Problem statement: Only one stretch of the records below should be repeated. It starts with the line containing "PhD Student, Boston University" and goes on through the line containing "- My favorite", exactly as written.

Records provided:
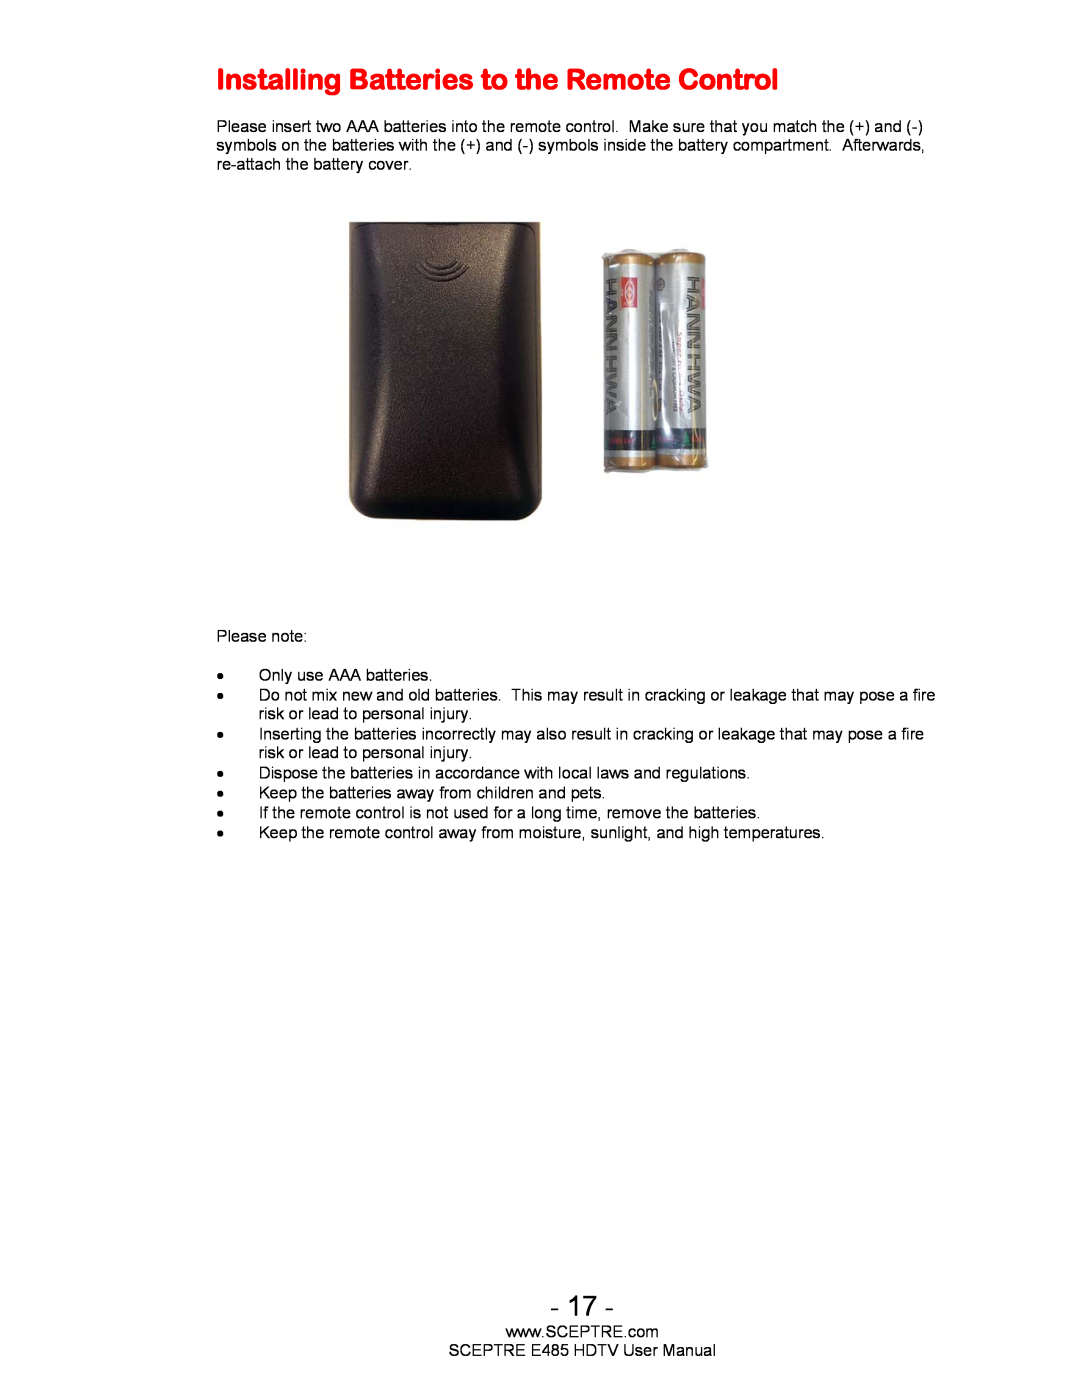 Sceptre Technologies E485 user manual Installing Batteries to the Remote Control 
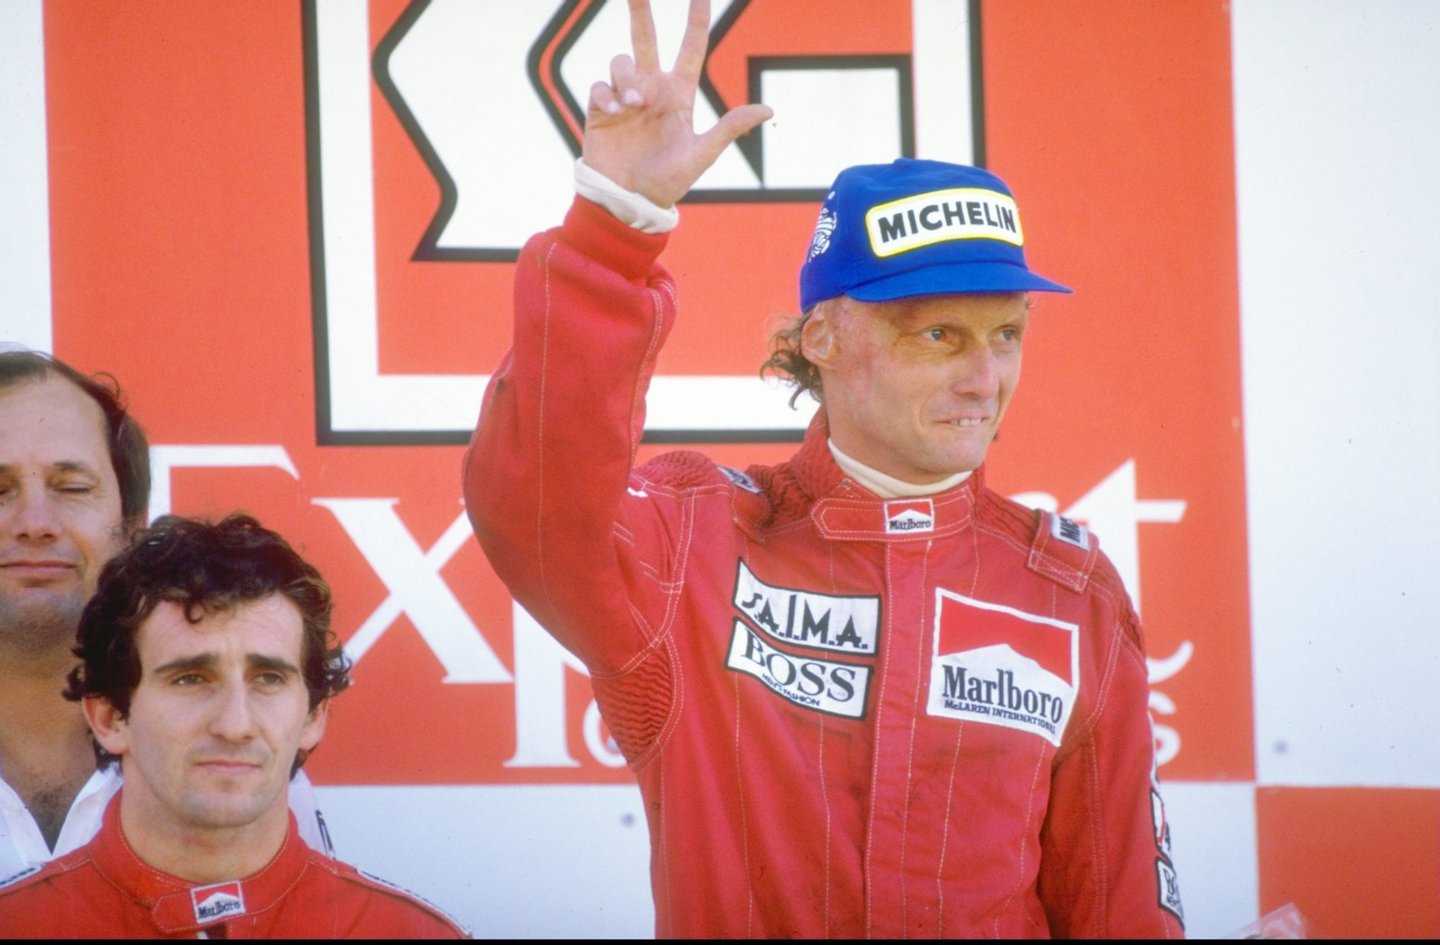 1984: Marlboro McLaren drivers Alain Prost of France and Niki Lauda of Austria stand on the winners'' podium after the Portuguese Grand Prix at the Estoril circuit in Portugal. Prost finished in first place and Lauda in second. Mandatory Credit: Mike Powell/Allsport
...
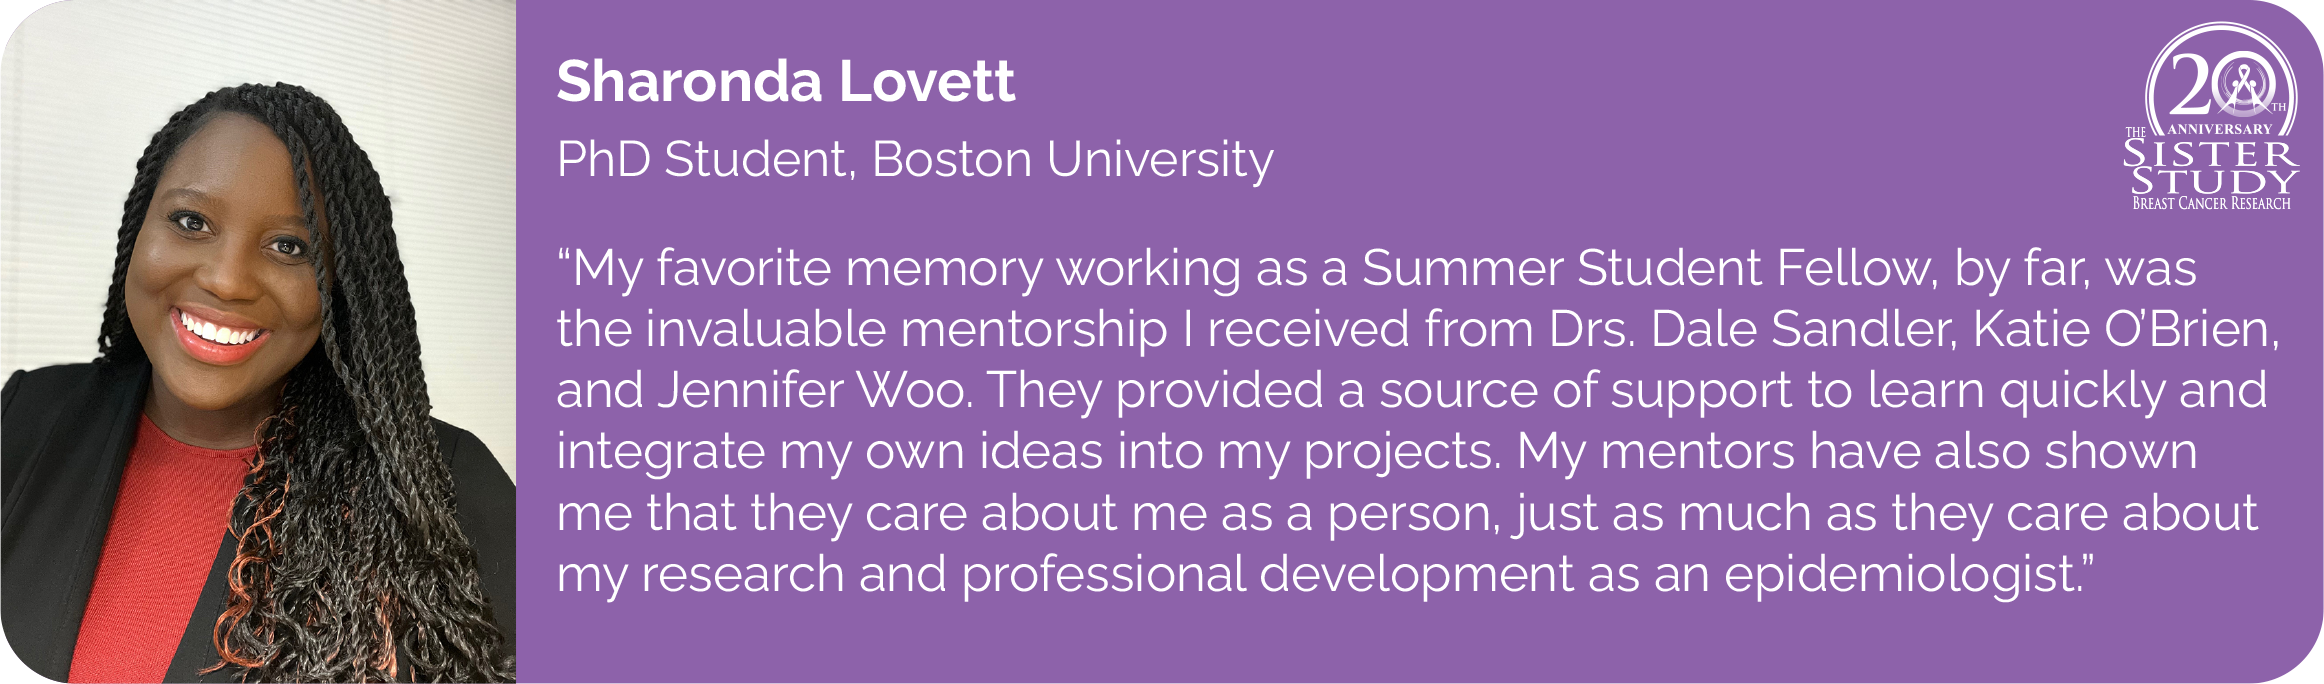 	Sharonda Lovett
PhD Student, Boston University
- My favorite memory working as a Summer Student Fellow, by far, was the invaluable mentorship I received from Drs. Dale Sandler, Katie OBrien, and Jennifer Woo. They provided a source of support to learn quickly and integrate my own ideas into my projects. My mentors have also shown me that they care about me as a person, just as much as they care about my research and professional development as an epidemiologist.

Result:
PhD Student, Boston University
- My favorite memory working as a Summer Student Fellow, by far, was the invaluable mentorship I received from Drs. Dale Sandler, Katie OBrien, and Jennifer Woo. They provided a source of support to learn quickly and integrate my own ideas into my projects. My mentors have also shown me that they care about me as a person, just as much as they care about my research and professional development as an epidemiologist.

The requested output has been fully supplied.